Quelle a été la réponse officielle du gouvernement cubain à l'annonce de la location de la Tribune ?

Pedro Lizardo Garcés Escalona, président du Conseil Populaire Rampa, a publiquement démenti l'annonce de location et a assuré que la Tribune Anti-impérialiste continuera d'être un espace de dénonciation politique et ne sera pas louée pour des intérêts privés étrangers à son objectif initial.

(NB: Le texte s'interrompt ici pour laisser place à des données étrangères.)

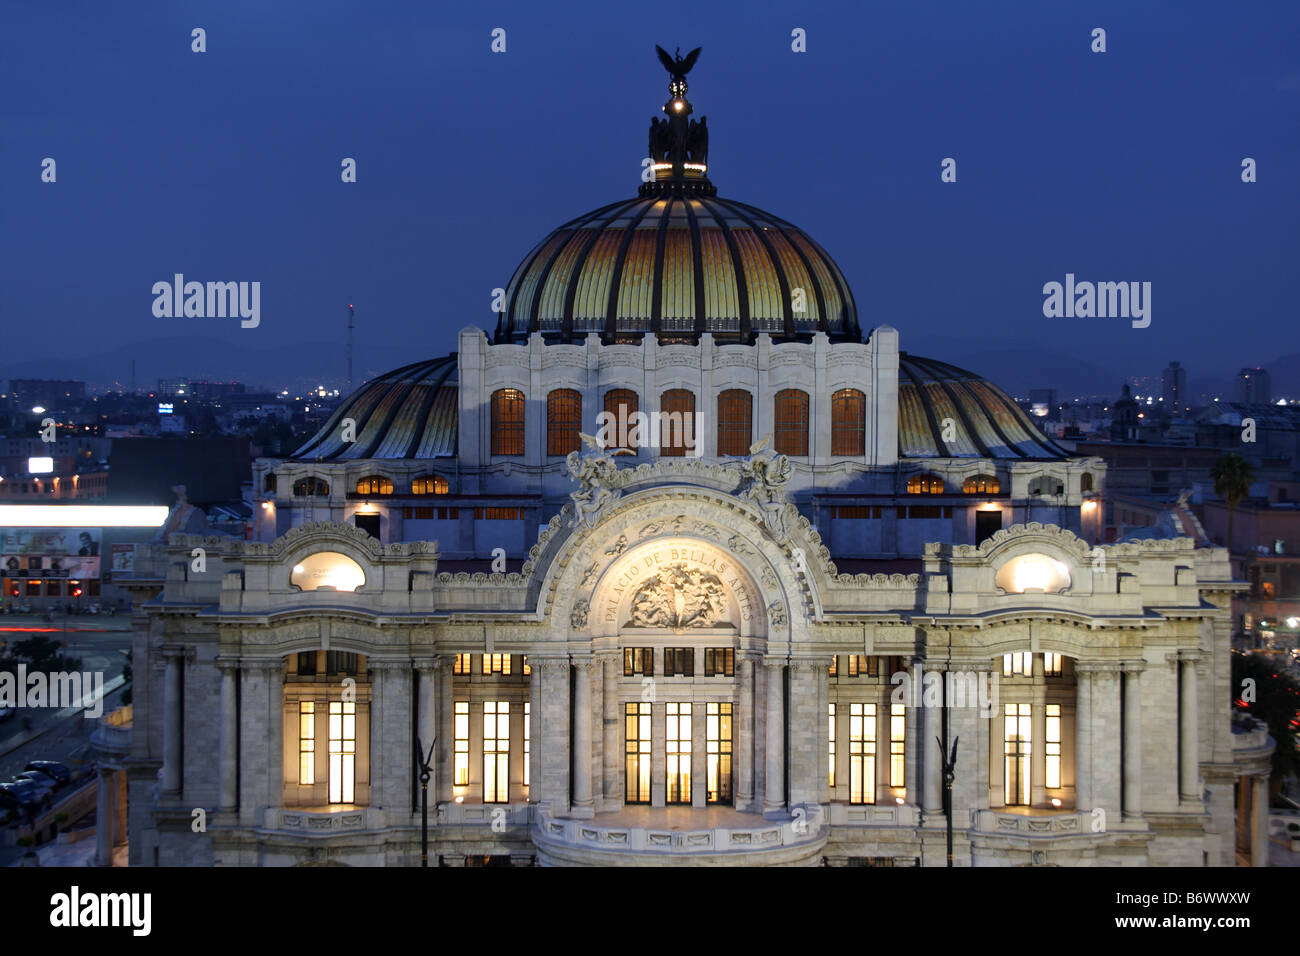 Mexiko, Mexiko-Stadt. Palacio de Bellas Artes ("Palast der schönen Künste") ist das wichtigste Opernhaus von Mexiko-Stadt Stockfoto

Pourquoi a-t-on envisagé l'idée de louer la Tribune Antiimpérialiste ?

L'annonce justifiait la location de la Tribune comme une manière de soutenir l'espace économiquement en raison des contraintes budgétaires de l'État et de l'usure causée par l'environnement marin. Il était proposé d'ouvrir ses espaces à des activités culturelles, politiques et similaires.

Que représente la Tribune Anti-impérialiste pour le régime cubain ?

La Tribune Anti-Imperialiste est un symbole du discours idéologique du régime cubain, historiquement utilisée pour des actes de réaffirmation idéologique et comme un bastion de la "Bataille d'Idées". Son éventuel location a généré des critiques en raison de la contradiction entre son usage original et sa transformation en un actif commercial.